- **EXERCISE INSTRUCTIONS**
When you copy the listing, skip the images and return each line verbatim.

- **INPUT DATA**
= = =

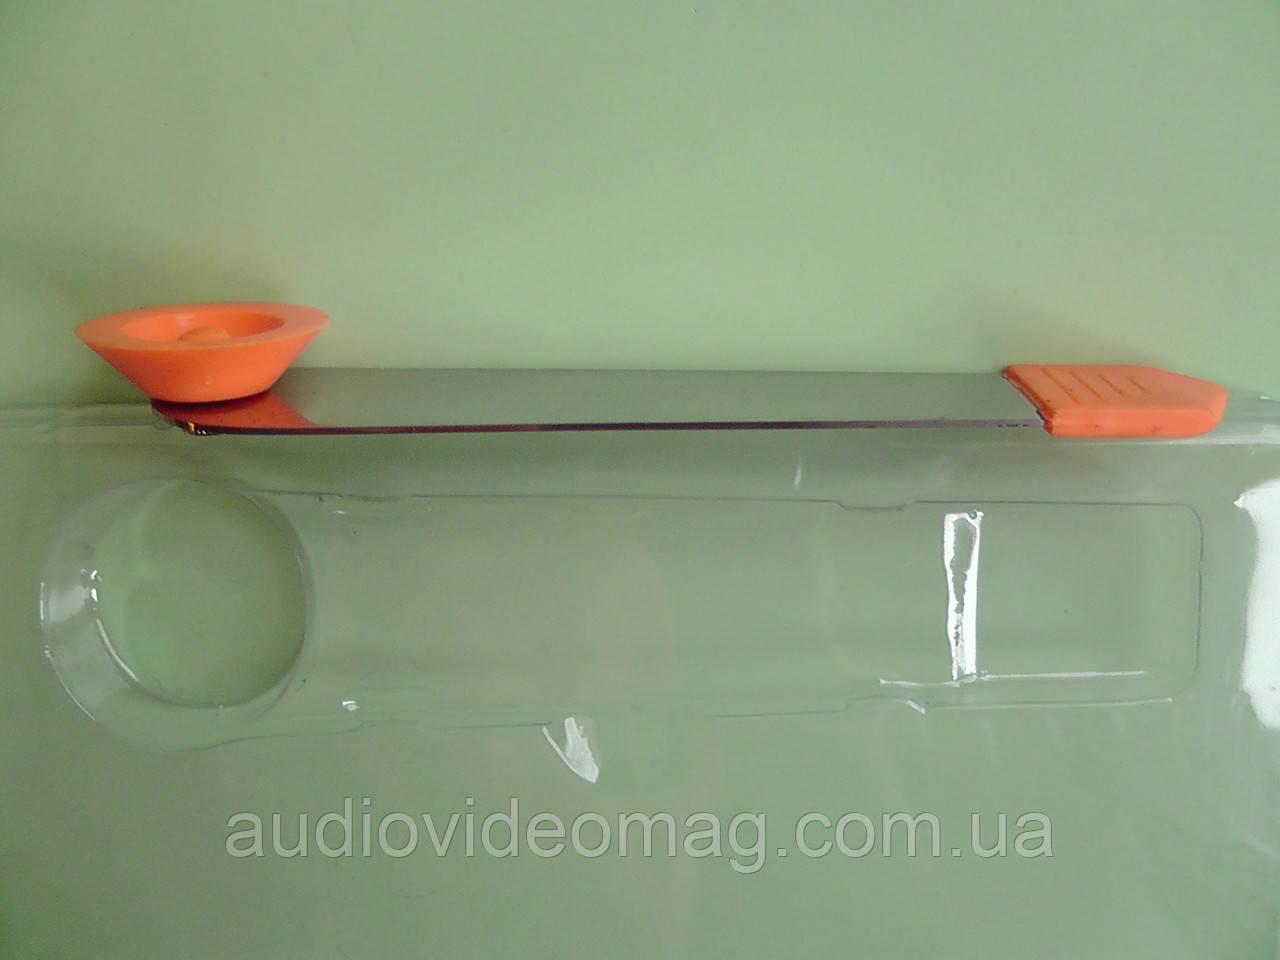 Плектр с роликом для вскрытия корпусов телефонов, планшетов
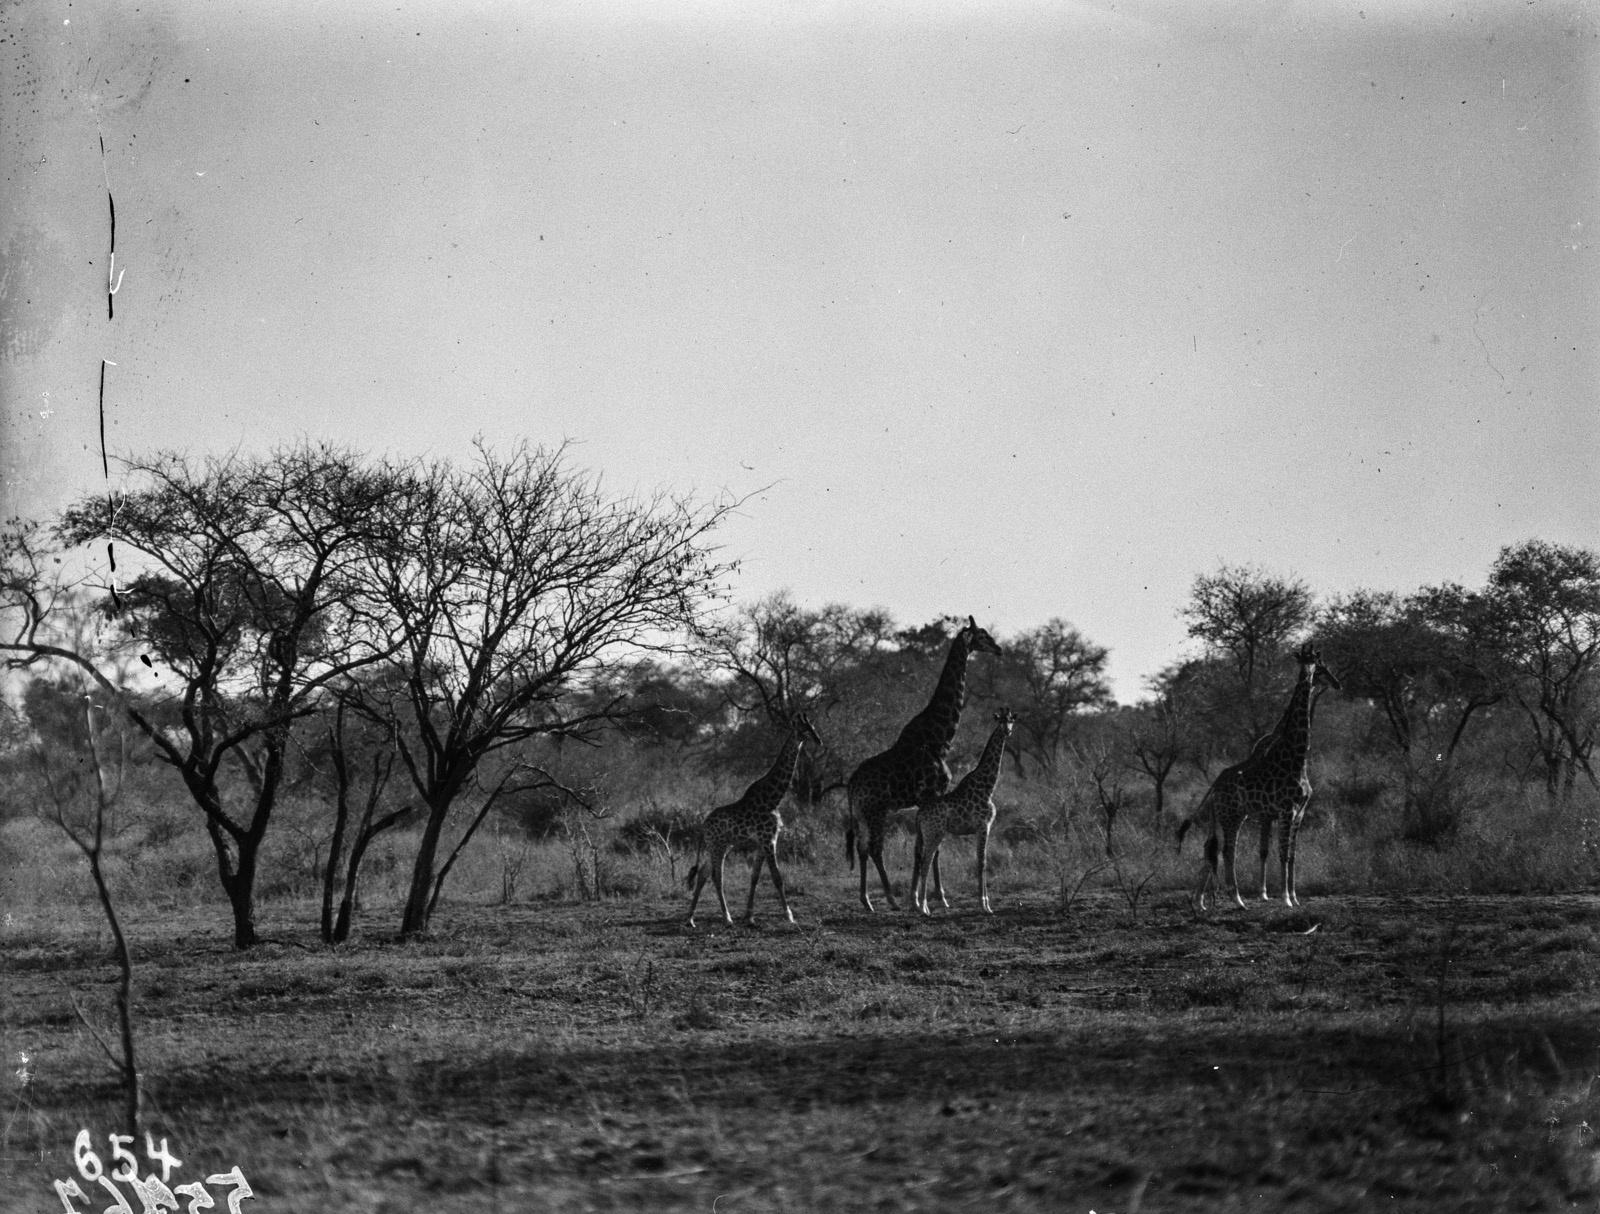 Национальный парк Крюгера. Жирафы в саванне.
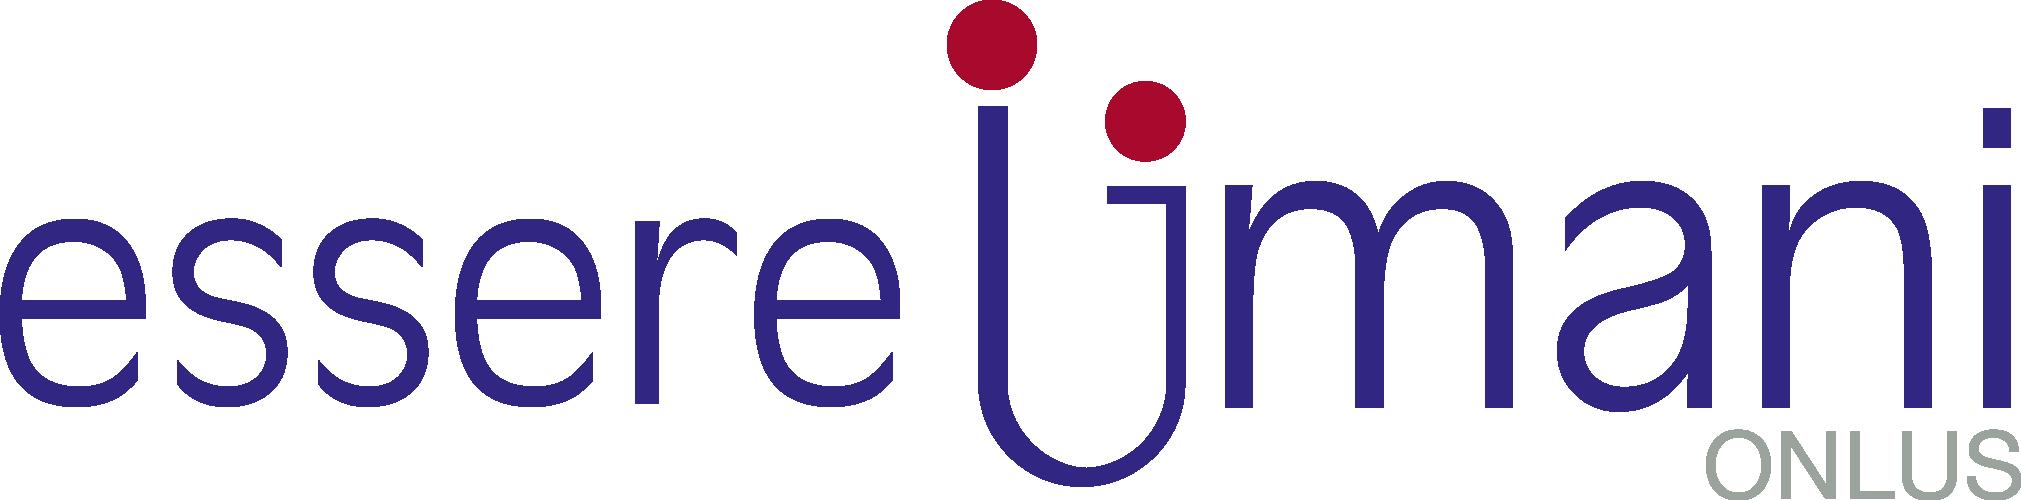 Logo Associazione Essere Umani

= = =

- **SOLVED EXERCISE**
 Плектр с роликом для вскрытия корпусов телефонов, планшетов
 Национальный парк Крюгера. Жирафы в саванне.
 Logo Associazione Essere Umani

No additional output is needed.